Croatia's long coastline is sprinkled with secluded bays and hundreds of islands and isles, while the sea is astonishingly clear, making it suitable for swimming, snorkelling and diving, and one of the best ways to explore is by boat. Not only does it have a rich history, there is an abundance of outstanding beauty too - from the blue waters of Adriatic, fringed by pine forests, to impressively well-preserved architecture. Although it is well-geared to tourism, Croatia is one of the more unspoilt destinations in the Mediterranean, making up for its lack of sandy beaches with stunning resorts and a glorious climate. Explore best of Croatia with our travel guide providing best places to visit, things to do, hotels, tourist attractions, restaurants and more.
Croatia, formerly part of Yugoslavia until the 1990s wars, has 1800 kilometers of coastline along the shimmering blue Adriatic Sea. The coastline itself is made up of either rocky coves or beaches backed by deep green conifer forests. Tiny fishing villages also dot the coastline, villages where fishermen for centuries have been getting out before sunrise looking for the day's catch. Yachts are often seen cruising up the coastline, usually pulling into at least a few of the country's 1185 islands, and of course all cruise ships make a call at Dubrovnik. Ancient ruins and lively modern cities can be found in Dalmatia. As for the interior of Croatia, there are thermal hot springs in Istria, ancient untouched pine forests in the western mountains, and waterfalls in Plitvice. As for the people, this is a culture that has undergone Roman domination, followed by Venetian, then Italian, followed by Austro-Hungarian, making for an eclectic culture of vastly varying and far ranging influences. Zagreb contains baroque architecture influenced by central Europe, while Italian influence is felt along the coast and in the food. Croatian holidays have a strong Slavic flavor as dancers in brightly-colored costumes perform folk dances in the streets as people clap and sing along.
The people have always felt a strong nationalist pride that dates back centuries and they're especially proud of their coastline. Now, with independence and developers from outside trying to cash in on their largely unspoiled coastline, the people are fiercely committed to conserving their treasured coast. So far, they've been successful.

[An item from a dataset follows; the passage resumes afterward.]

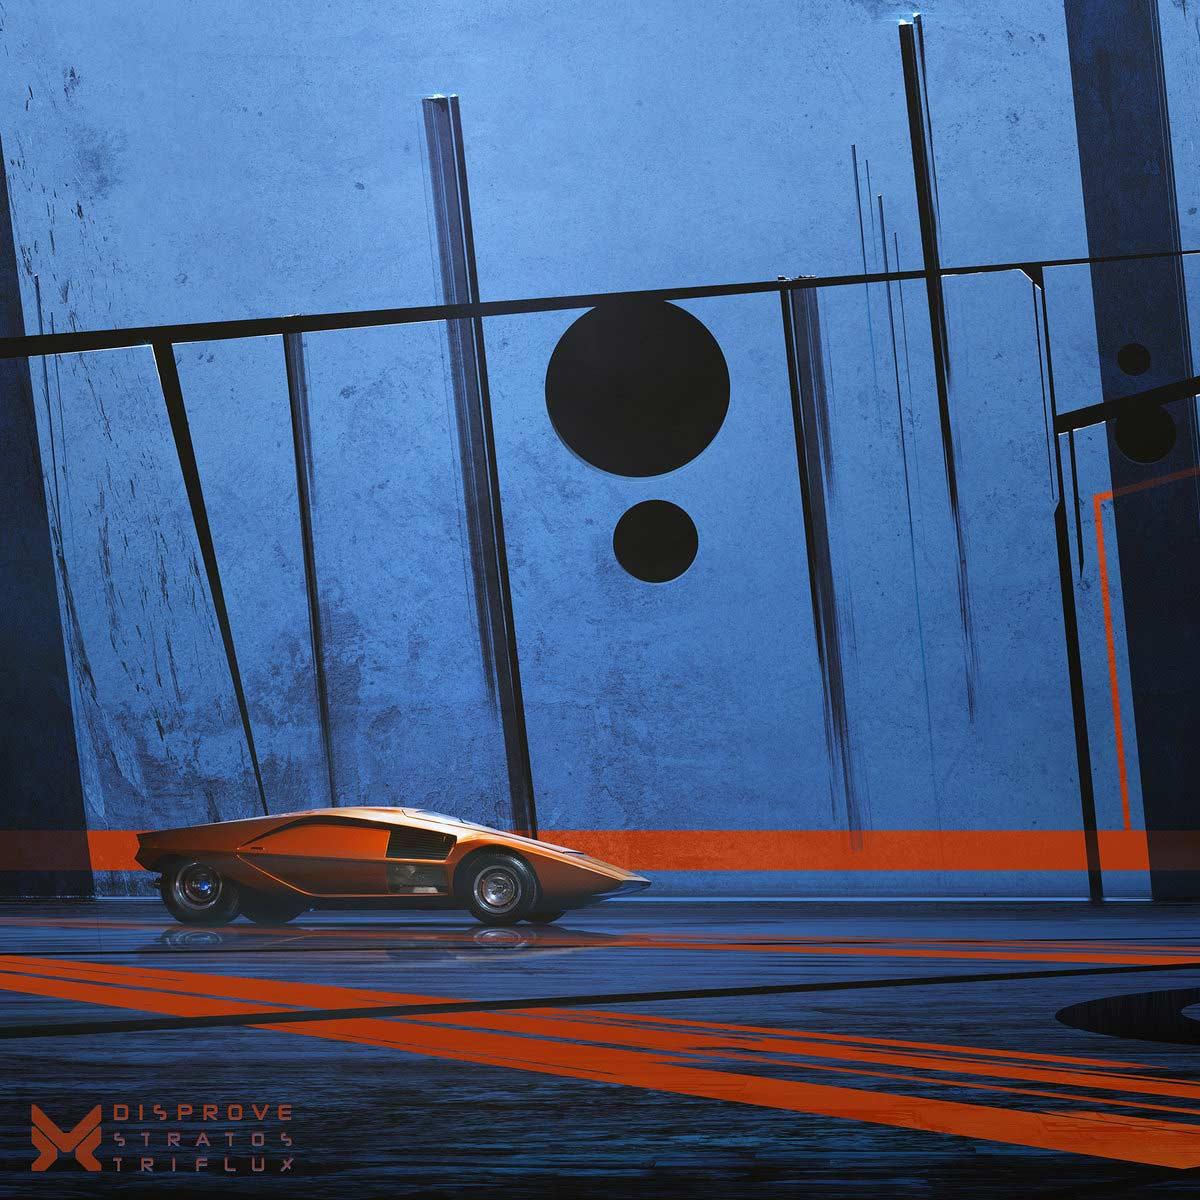 Umut präsentiert: Disprove – Stratos / Triflux [MLS014]

With all the beauty of the coast, visitors often forget to explore inland. Zagreb is an intriguingly spectacular city with mixes of both the West and East evident everywhere you turn. This is the cultural capital of the country as well as its economic and political one. The city pulses with activity and nightlife yet manages to retain its Old World charm. As in other parts of the Balkan peninsular taken over by the Austro-Hungarians, its architecture is largely elegant, white and large, now housing fashionable restaurants, cafes, shops, museums and galleries. An emerging art scene thrives in the city — as it was so long suppressed under the communists — and art is a source of great pride here as local artists are showcased in galleries throughout the city. Musicians also make their mark and it's entirely possible to spend the night going from one bar to the next hearing local bands. A beautiful park divides the town in two and the park, even in winter, is never empty of locals and tourists alike. Outdoor cafes are always bustling and busy. Truly, this is a city that should not be overlooked even if you are a beach bum.
Travel from Venice to Croatia is made easy by ferries and trains. Croatia bus travel is also well organized, and easy and inexpensive way to get around the country. Croatia's neighbors are Hungary, Bosnia & Herzegovina, Slovenia and Serbia.